# WHAT YOU SHOULD DO
All lines below between the line with "women's skechers sandals Online" and the line with "CARTE-PREPAYEE-TUNISIE-GSM-10Dinars-TUNISIE TELECOM-TUNIS PLACE", including both, must be copied exactly, and the pictures must be omitted.

# RECORD EXCERPTS
====

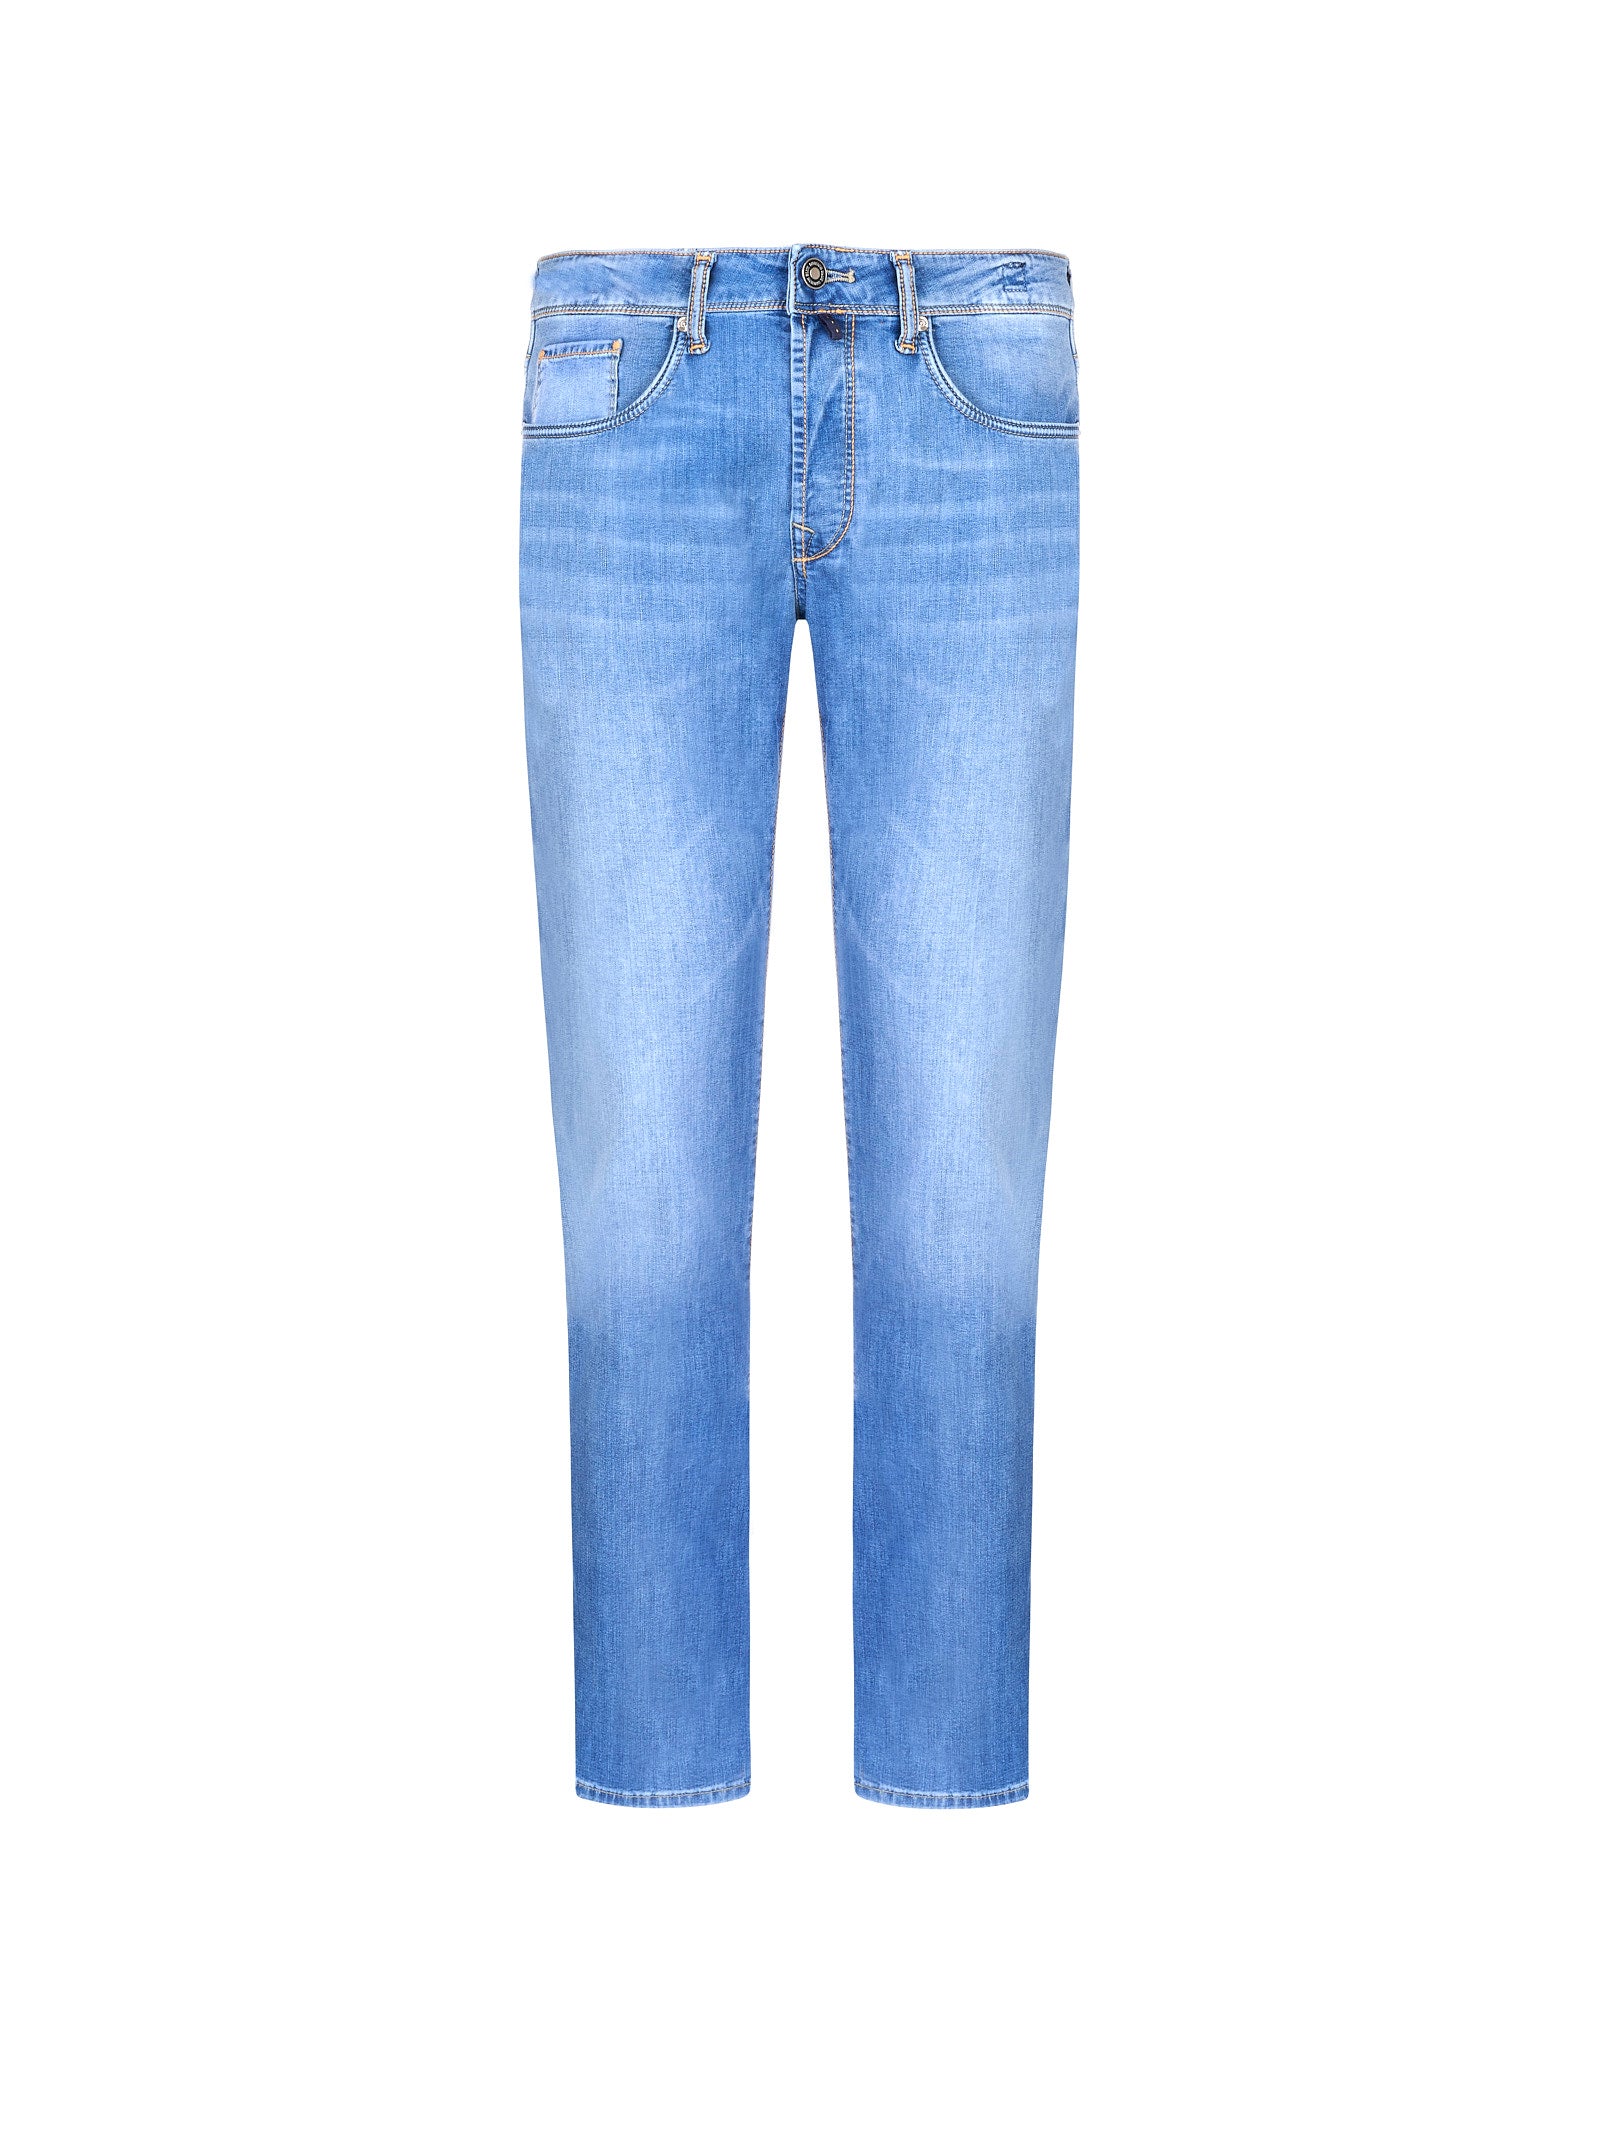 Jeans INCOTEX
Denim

====

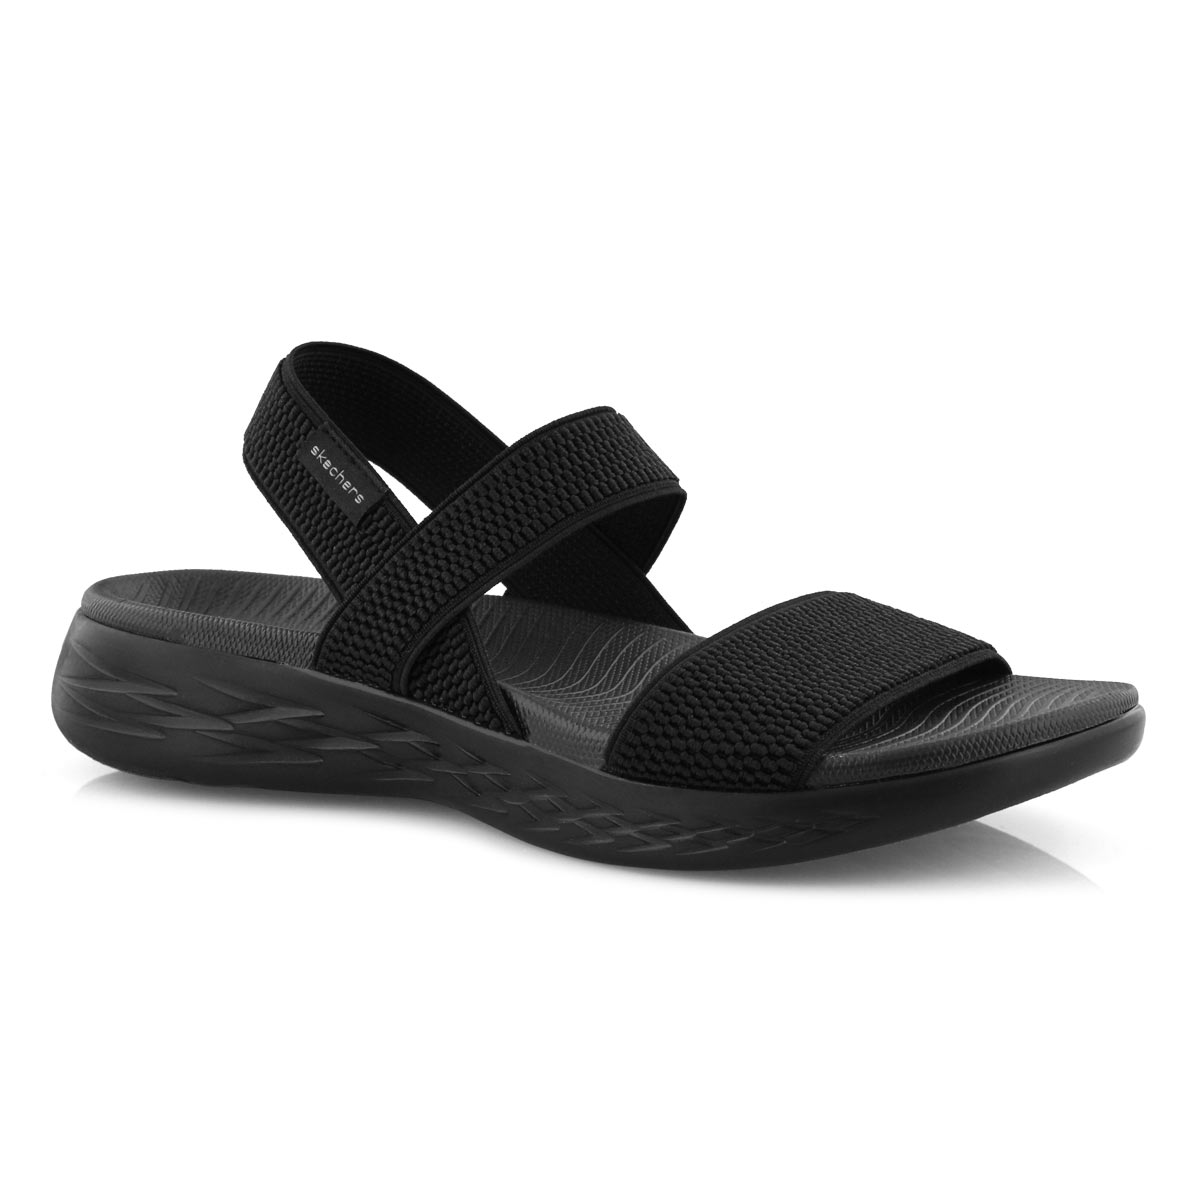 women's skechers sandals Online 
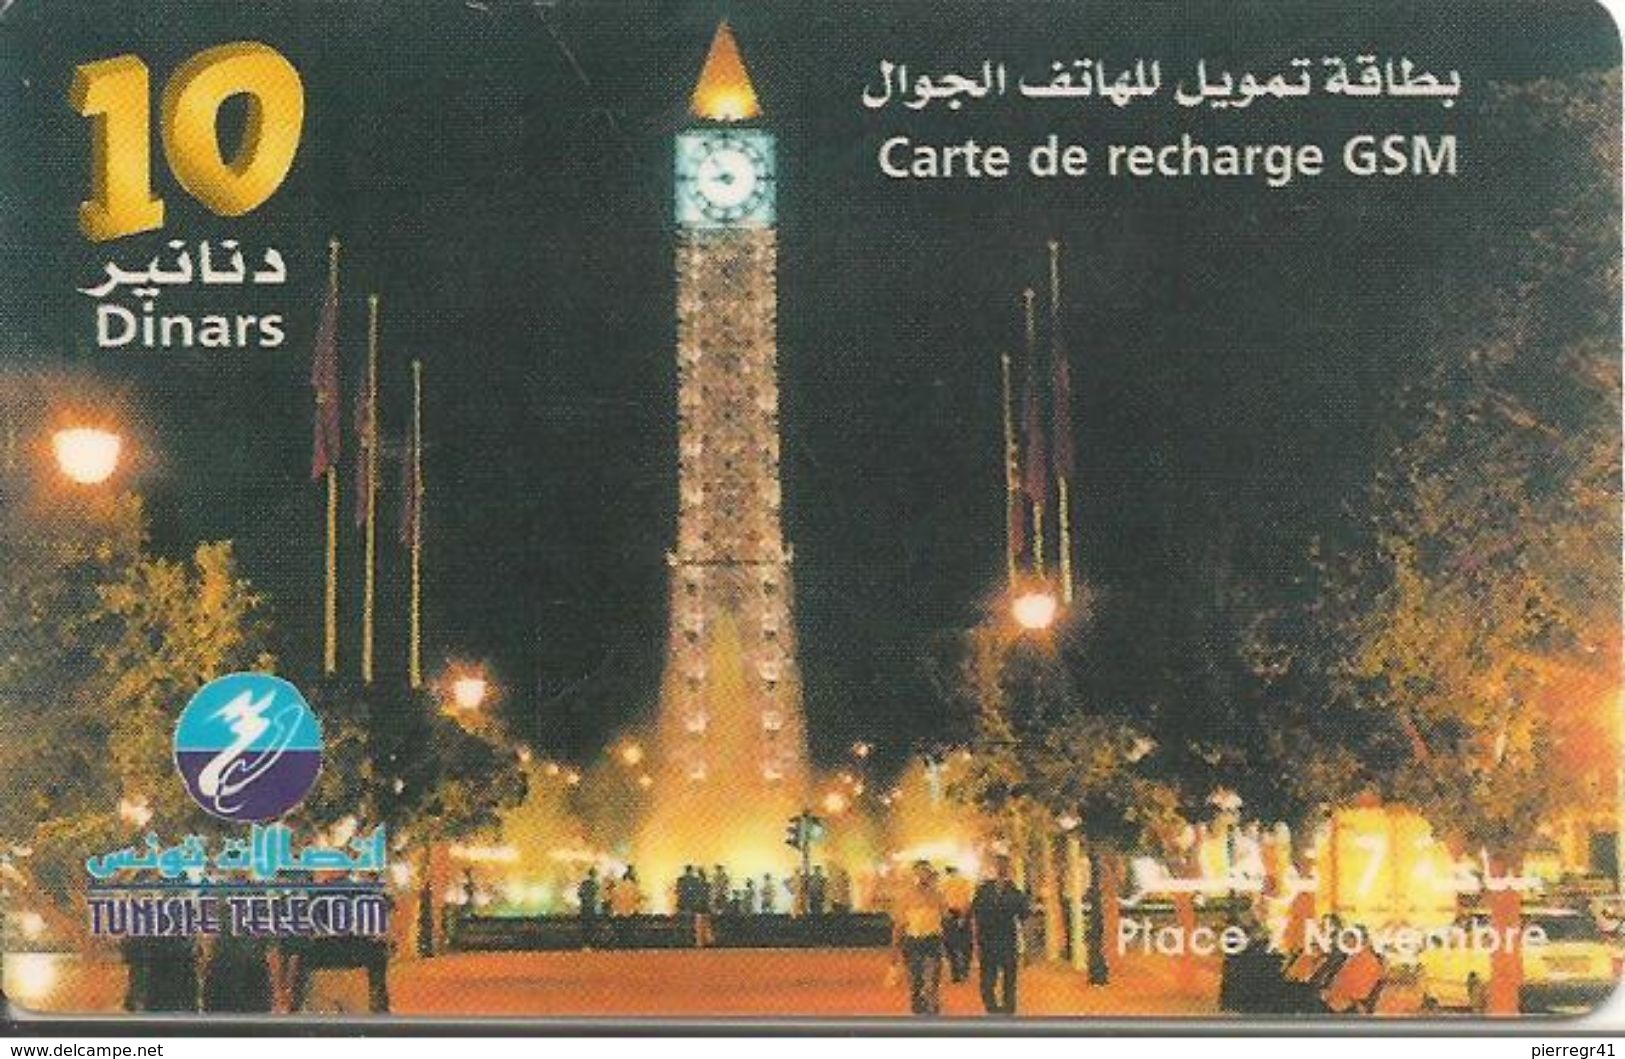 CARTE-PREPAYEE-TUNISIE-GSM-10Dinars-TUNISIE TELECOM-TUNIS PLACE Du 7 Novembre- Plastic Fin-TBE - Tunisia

====

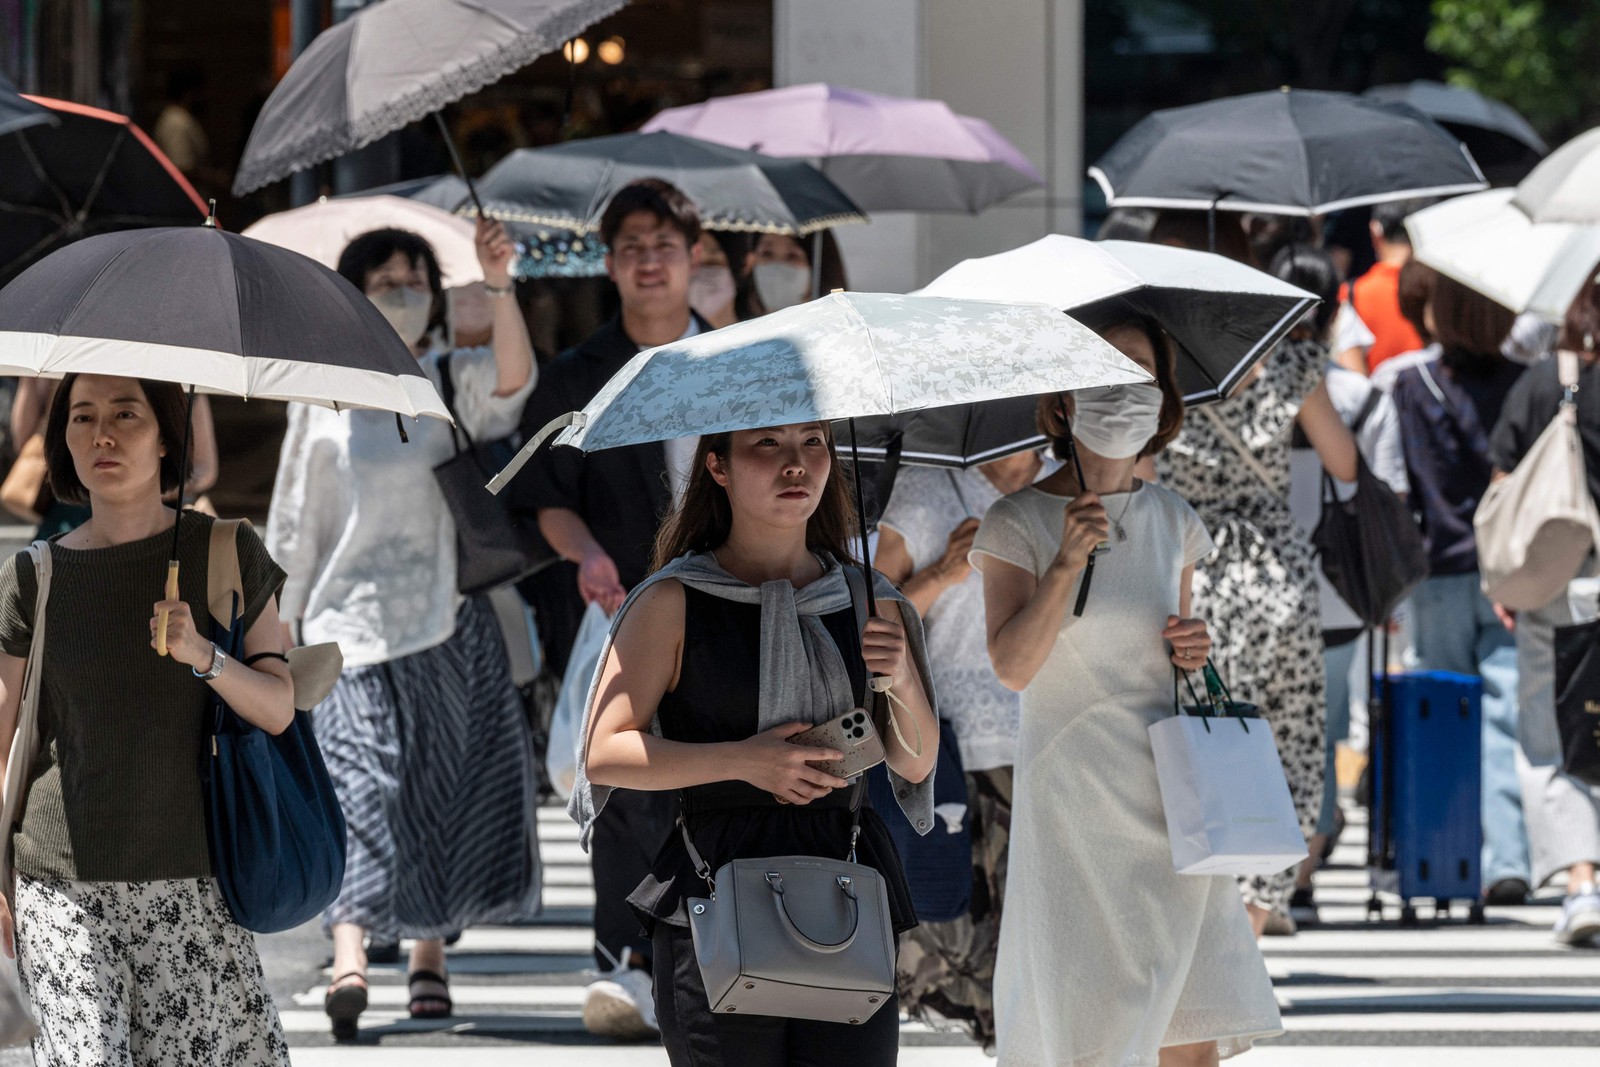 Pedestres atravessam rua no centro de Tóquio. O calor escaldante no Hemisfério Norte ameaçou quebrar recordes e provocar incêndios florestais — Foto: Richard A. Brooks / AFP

====

# RESULT OF THIS EXERCISE
 women's skechers sandals Online 
 CARTE-PREPAYEE-TUNISIE-GSM-10Dinars-TUNISIE TELECOM-TUNIS PLACE Du 7 Novembre- Plastic Fin-TBE - Tunisia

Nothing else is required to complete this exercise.